I was so surprised how well all the students did within my room today. All students got involved in the lego heart project and were captivated. I first stumbled upon the Lego stem project via pinterest
See the link below to check it out.
Lego Stem Project

With 95 kids rotating through this station and with only 25 minutes, I revamped it a little. I had one half of my room working on the arts part and the other half the legos. After  a student would make a heart they would trade with a student over at the crafts section.  I made a heart last night and traced it on a piece of paper (just the outline). I then made copies of the outline and placed them on the student desks. I told them that the one hint I would give them to help them construct their heart was the outline. They had to problem solve how to make the the heart with the pieces they chose. I had separated out my brother's legos onto trays by color.  I would call a few students at a time up to grab a handful of any color, could mix colors as well and then once everyone had there pieces then they could come get more if they needed more.  This worked pretty well. I included doors and window legos and some odd shaped legos and the kids creativity really shined through. I told them that they couldn't use the lego people though. I loved it when I got to tie in metaphors into this experience when a student came up and said, "Look at the window to my heart." I asked her if she knew what type of figurative language she just used. The conversation went on from there and we came up with some  other metaphors. I had another wonderful discussion with some students when they noticed I had a lot of yellow legos. We started wondering if lego sets have a higher number of yellow legos than other colors and how we could design an experiment to test that and what we thought would be the results. Some really great things happened during those 25 minute cycles.
Once students created their heart they added it to the heart sculpture we made as a community.  It turned out really cool and the kids were so proud.  Some pictures of our final product are below.
Our sculpture made students think about balance, weight, support, and what would be pleasing to the eye  (engineering and architecture coming alive!).

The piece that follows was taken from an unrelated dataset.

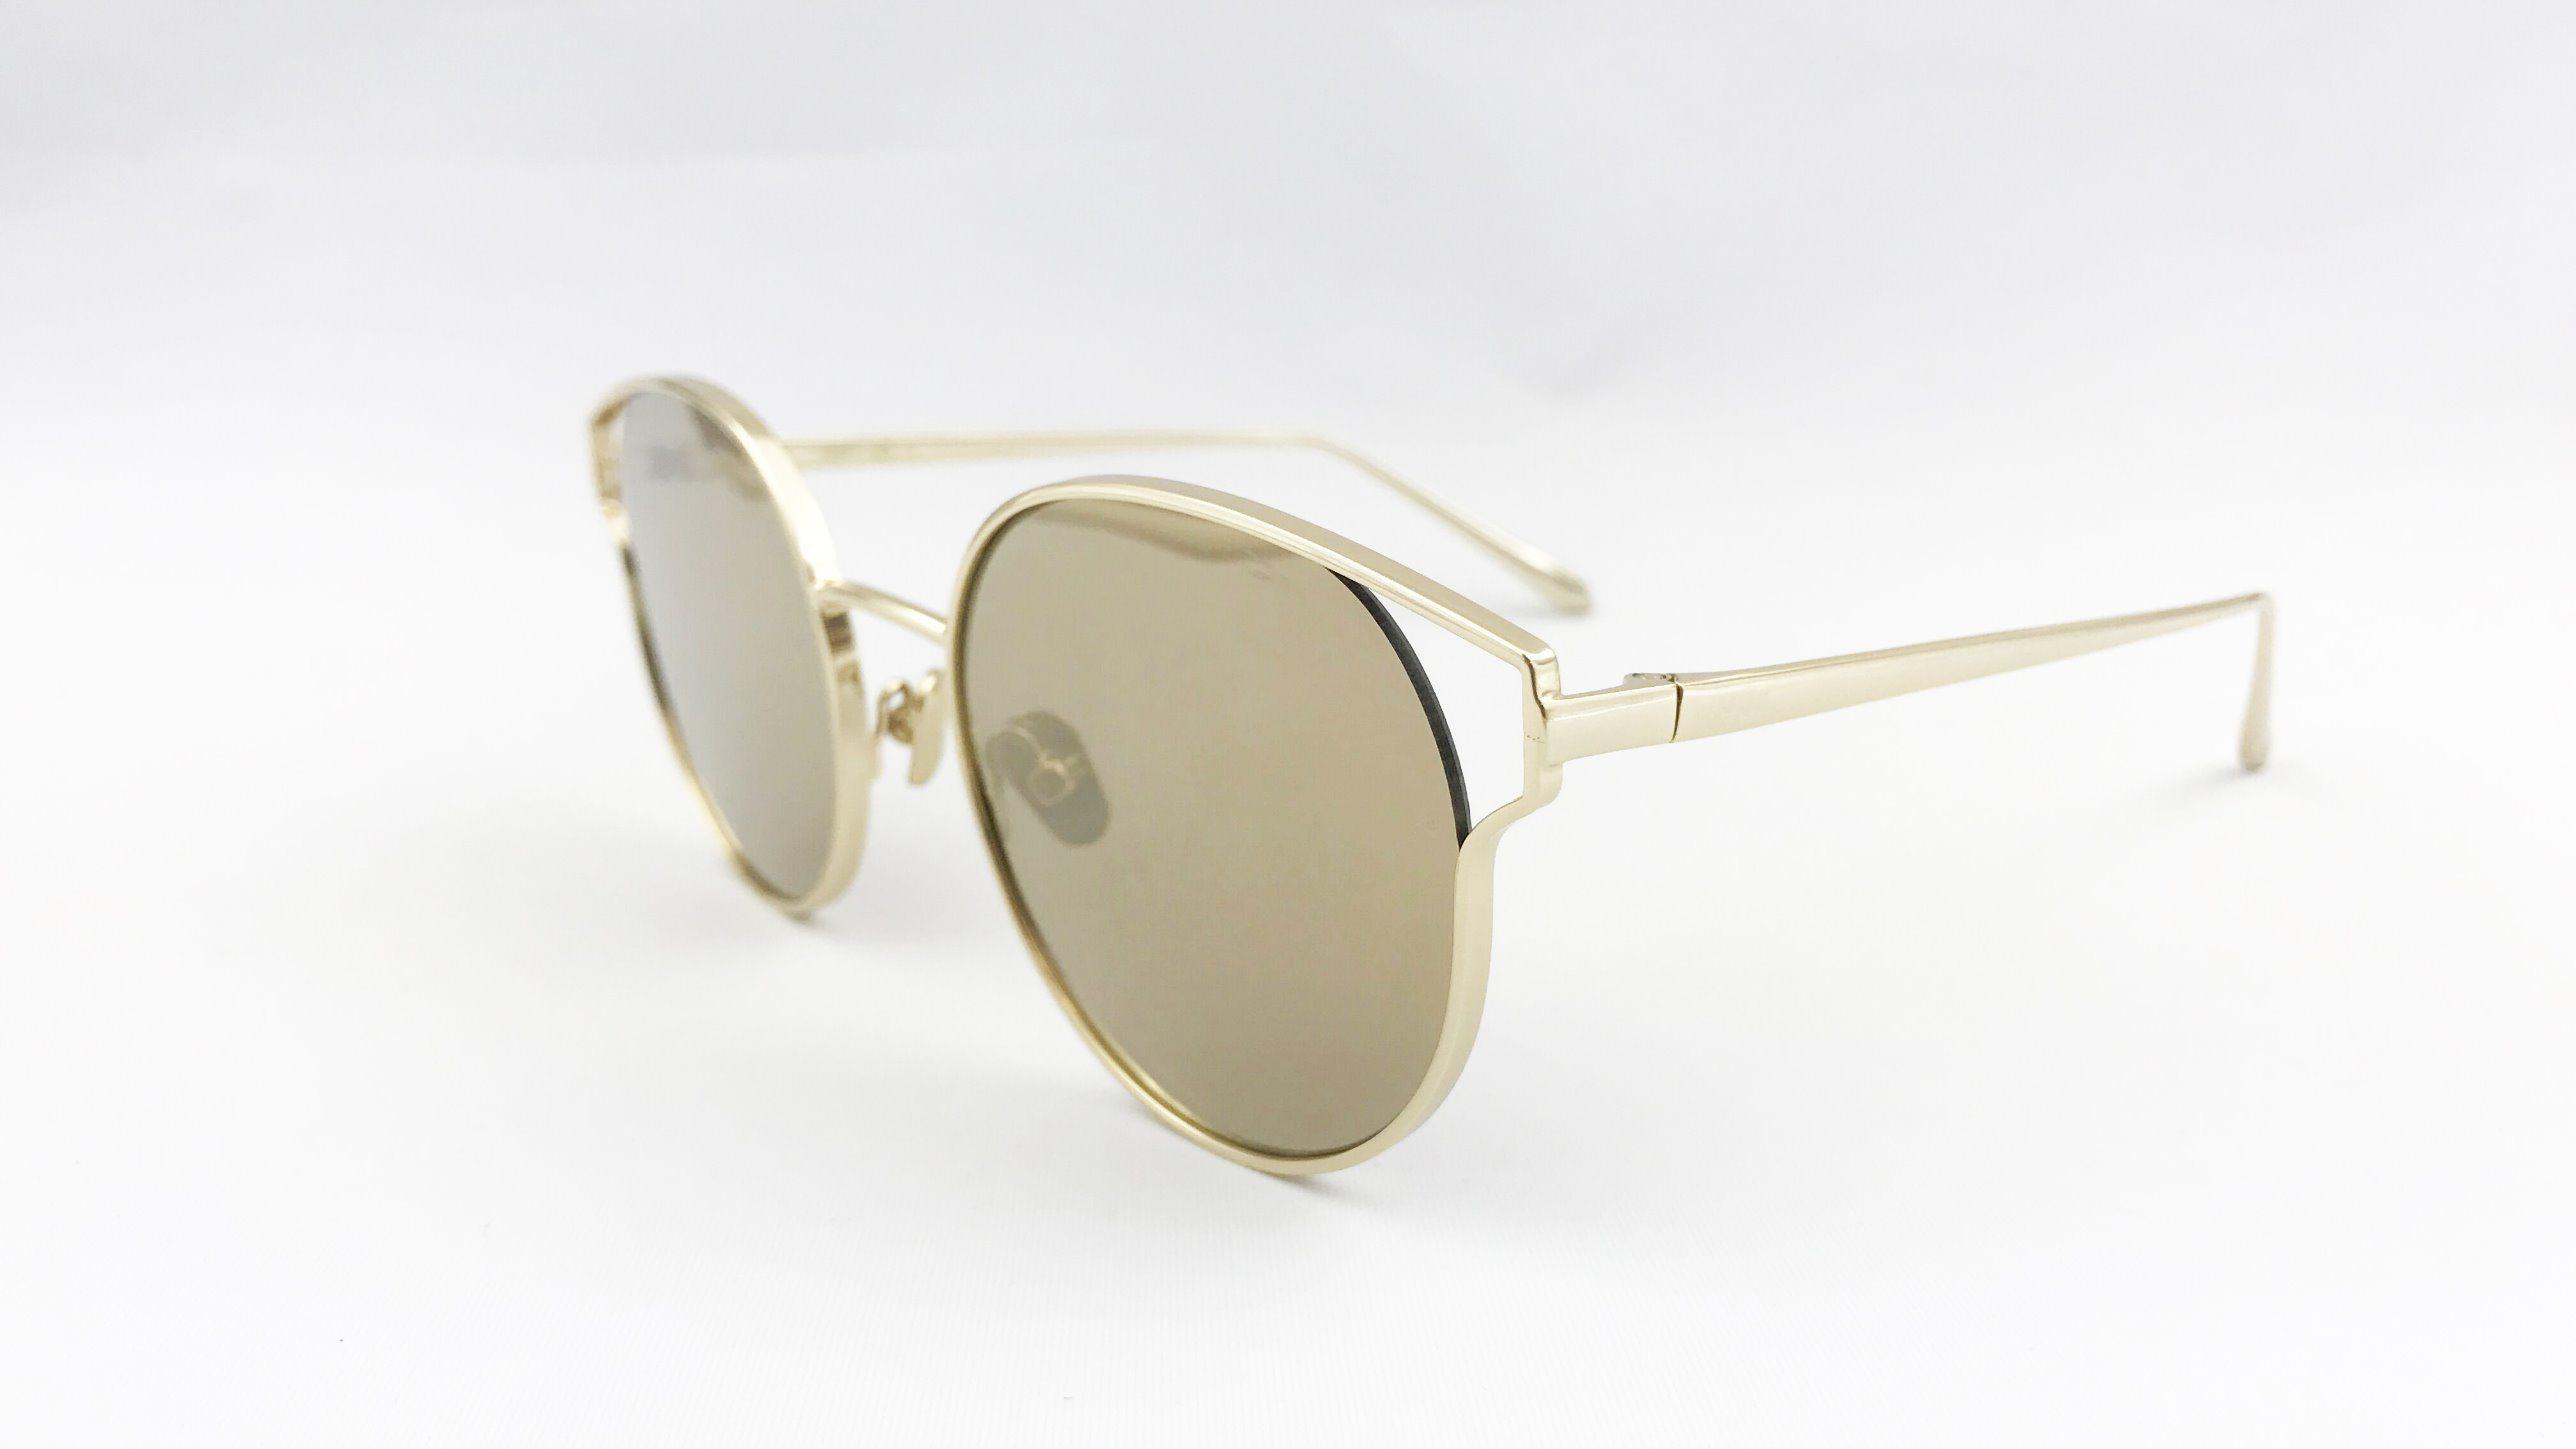 2016 Super Fashion Metal Sunglasses for Unisex. Eh1603

During our time between lunch and specials (12:10-12:45) we had our valentine's exchange and packed out bags. We then moved our desks and chairs for our guests for our afternoon movie. After Specials we gathered all the kiddos into my room and watched Charlie and the Chocolate factory. Students weren't allowed to bring candy to the movie which helped keep trash down and student's attention on the movie (plus no wrappers rattling-- thank goodness!).
That took our full day. It was the cleanest--- and most calm valentine's day I have ever had with my class. These new plans are ones to keep!







Sunday, February 1, 2015

Sadako descriptive paragraph writing

At the end our reading of Sadako and the Thousand Paper Cranes we worked our descriptive paragraph writing. Each student brainstormed how their kimono would look, feel, and sound. From there they colored their own kimono and started their drafts. We dissected the paragraph focusing on each piece. Topic sentence, detail sentences , and conclusion sentence were our focus. After peer editing we made our finals. To publish our work we placed them outside of our classroom and asked onlookers to try to match the kimono with its paragraph.